The competition begins and ends with the annual harvest. Each time a truck delivers tomatoes to Mutti, its contents are carefully assessed on 15 criteria, including ripeness, sweetness, acidity, skin quality, color, and nutritional composition. Each delivery is measured, tracked, and scored in the same way, and the data is aggregated throughout the harvest. “To be considered for the prize, there is no upper limit, but there is a lower one,” explains Mutti. “You must deliver a minimum of 500 pounds of tomatoes because the real challenge is maintaining that quality over the entire season, not just one perfect delivery.” Farmers take so much pride in maintaining high marks that they might avoid delivering tomatoes that could hurt their score, and their opportunity to be one of the top 40 recognized farmers.
Judging the perfect tomato is both simple and complex, but growing the perfect tomato is infinitely more so. On the most basic level, it is a synthesis of earth, water, sun, and time. However, that mindset is sort of like defining a symphony by its notes. Those who grow them best follow the wisdom of generations, while also harnessing modern technology to improve on tradition.
“When you taste a tomato, you’re looking for a balance between the acidity of the juice and the sweetness of the pulp,” says Mutti. From there, each variety has its own nuances and flavor profile, which are further influenced by terroir and to preserve the optimal flavor of each freshly picked, sun-ripened tomato.
After the busy summer harvest—a high-pressure time when field temperatures can reach upwards of 100°F and farmers have only hours to move the tomatoes from field to factory—Mutti’s growers finally have an opportunity to rest.

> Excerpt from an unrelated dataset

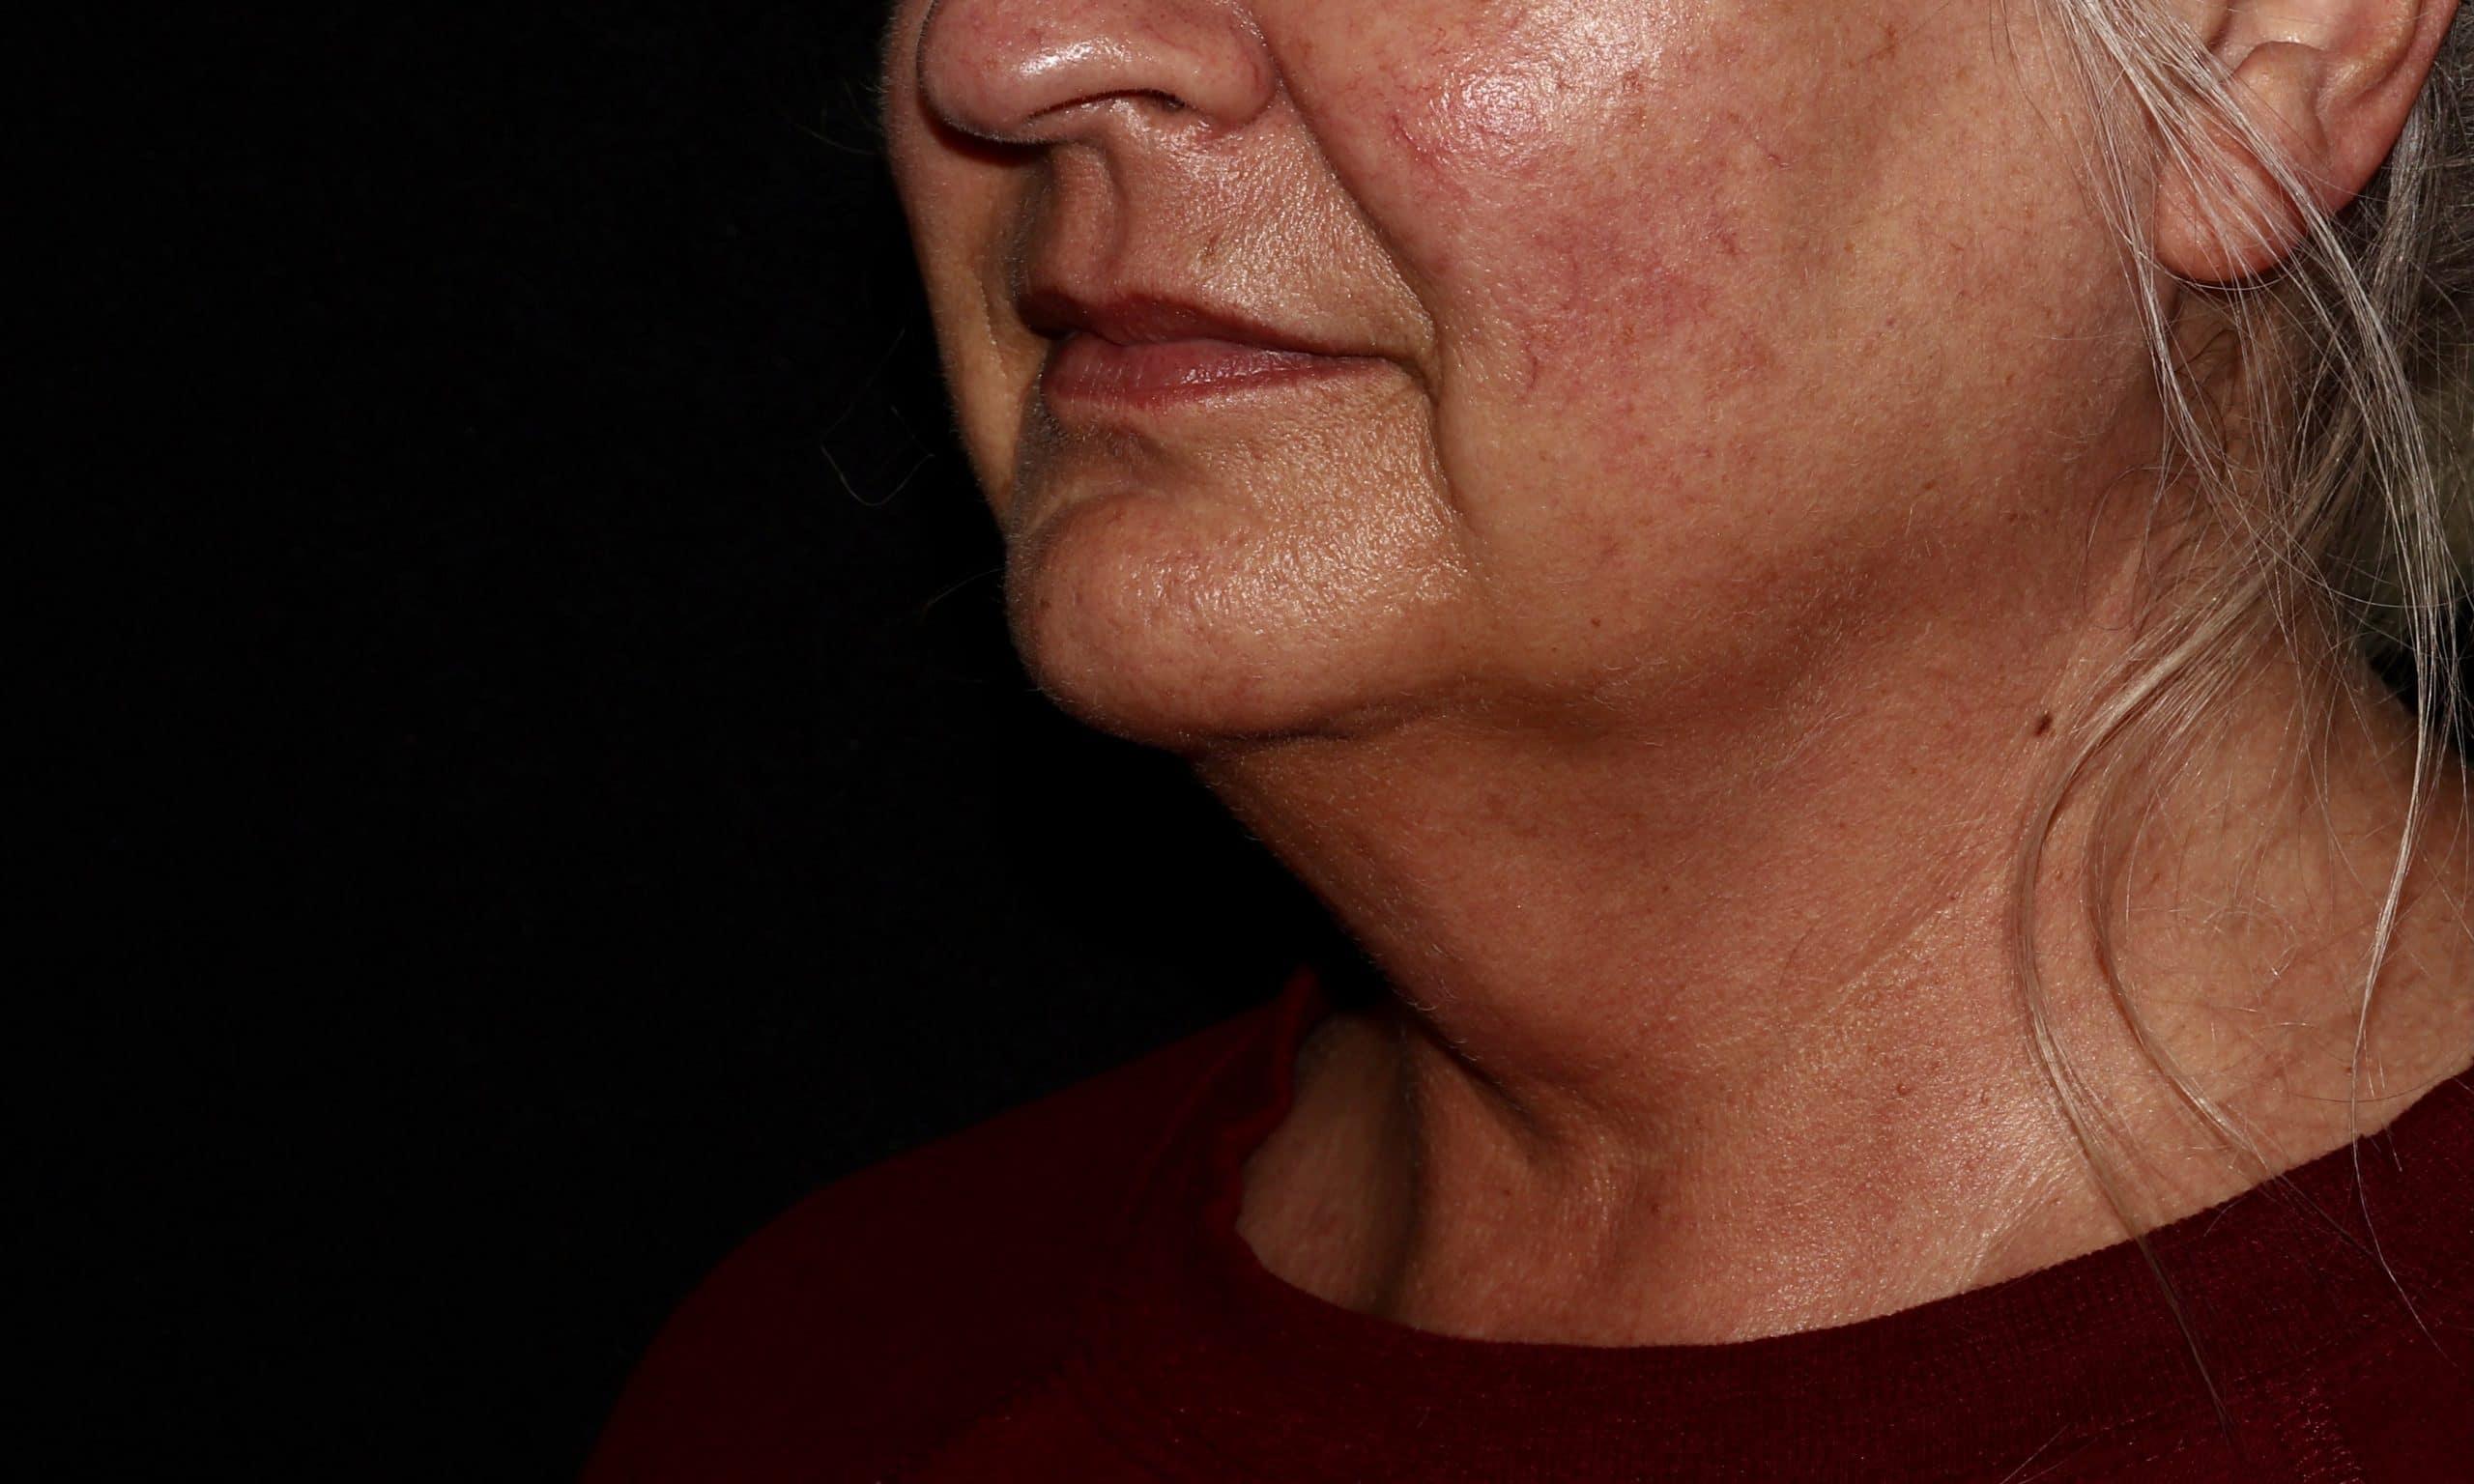 Coolsculpting Neck Treatment Before

It’s during this lull at the beginning of November that Mutti invites its network of farmers to gather and reflect on the past season and define their goals for the next one. Starting in the afternoon and going into the evening with a celebratory dinner, this annual event honors the farming community, acknowledges their hard work, and, in true Italian style, raises a glass of vino to the cherished tomato. “Right now,” says Mutti, “my goal is to keep going and keep making an even better product.”